Meet-U: Educating through research immersion Abdollahi N, Albani A, Anthony E,... Laine E, Lopes A. (2018) PLOS Computational Biology 14: e1005992
We present Meet-U, a new educational initiative that aims to train students for collaborative work in computational biology and to bridge the gap between education and research. Meet-U mimics the setup of collaborative research projects and takes advantage of the most popular tools for collaborative work and of cloud computing. Students are grouped in teams of 4–5 people and have to realize a project from A to Z that answers a challenging question in biology. We report on our experience with Meet-U in two French universities with master’s students in bioinformatics and modeling, with protein–protein docking as the subject of the course. Meet-U is easy to implement and can be straightforwardly transferred to other fields and/or universities.

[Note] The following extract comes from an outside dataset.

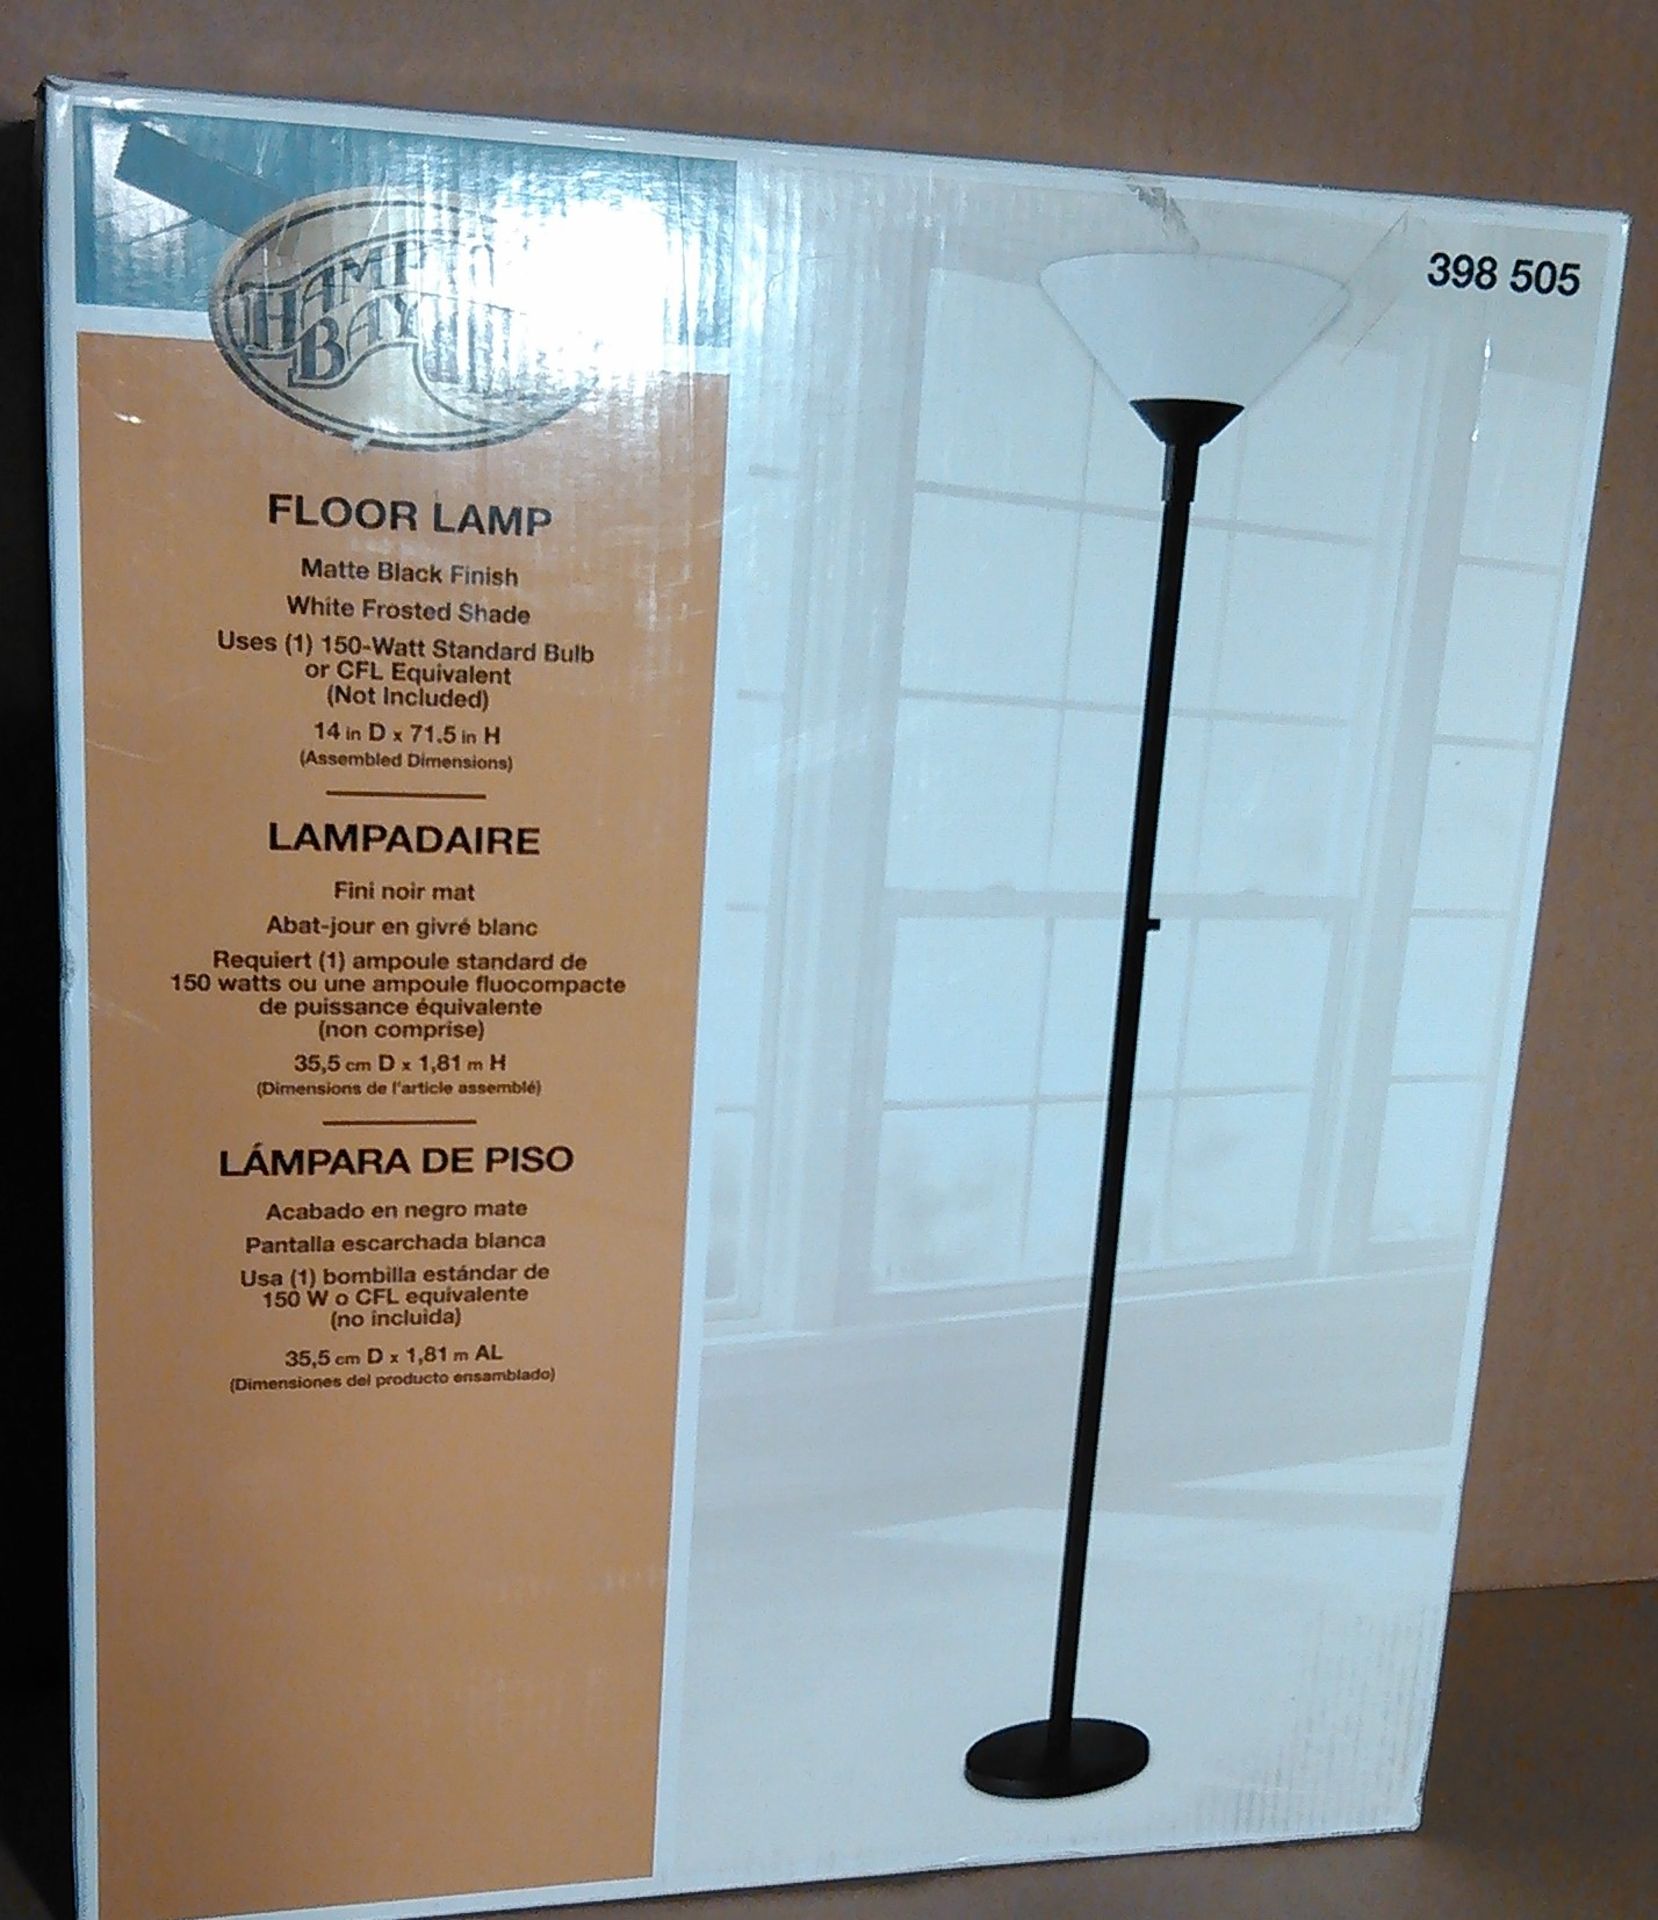 Hampton Bay Floor Lamp, Black Finish with White Shade 14" Deep x 71.5H" High. Retail in Major Home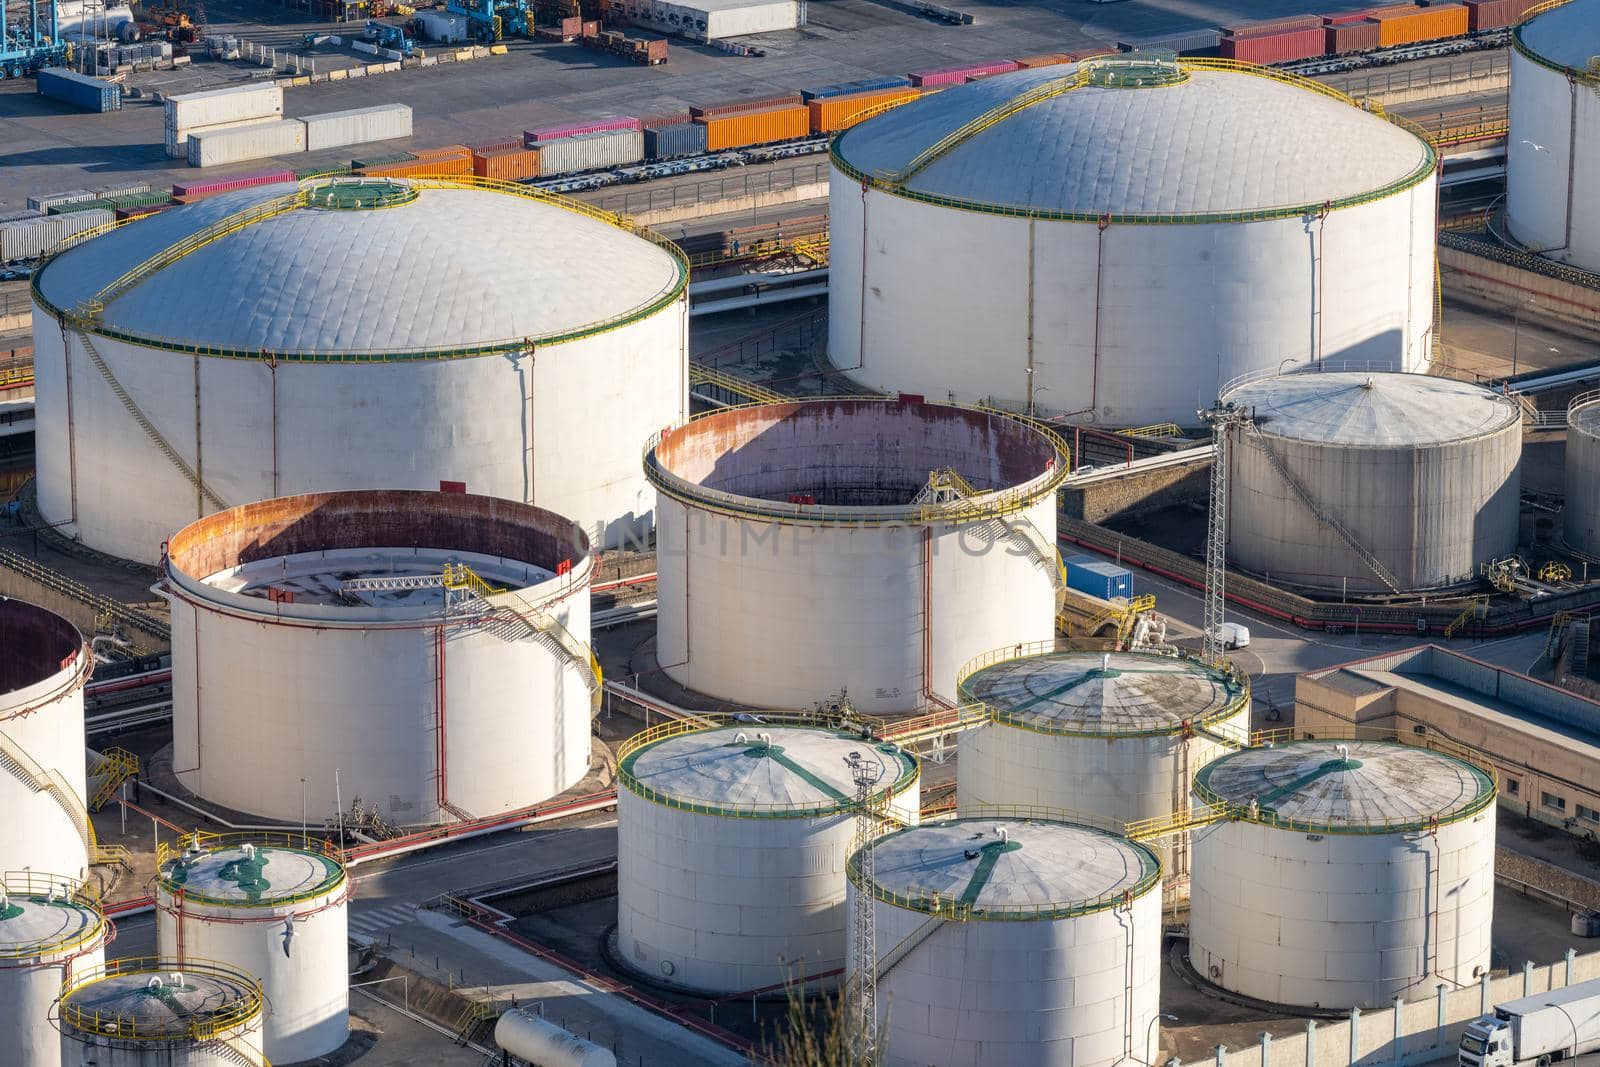 Storage tanks for crude oil seen in the commercial port of Barcelona

PureCLIP: Capturing Target-Specific protein-RNA Interaction Footprints from Single-Nucleotide CLIP-Seq Data. Krakau S, Richard H, Marsico A. (2017) Genome Biology 18: 240
CLIP and eCLIP techniques facilitate the detection of protein-RNA interaction sites at high resolution, based on diagnostic events at crosslink sites. However, previous methods do not explicitly model the specifics of iCLIP and eCLIP truncation patterns and possible biases. We developed PureCLIP, a hidden Markov model based approach, which simultaneously performs peak calling and individual crosslink site detection. It explicitly incorporates RNA abundances and, for the first time, non-specific sequence biases. On both simulated and real data, PureCLIP is more accurate in calling crosslink sites than other state-of-the-art methods and has a higher agreement across replicates.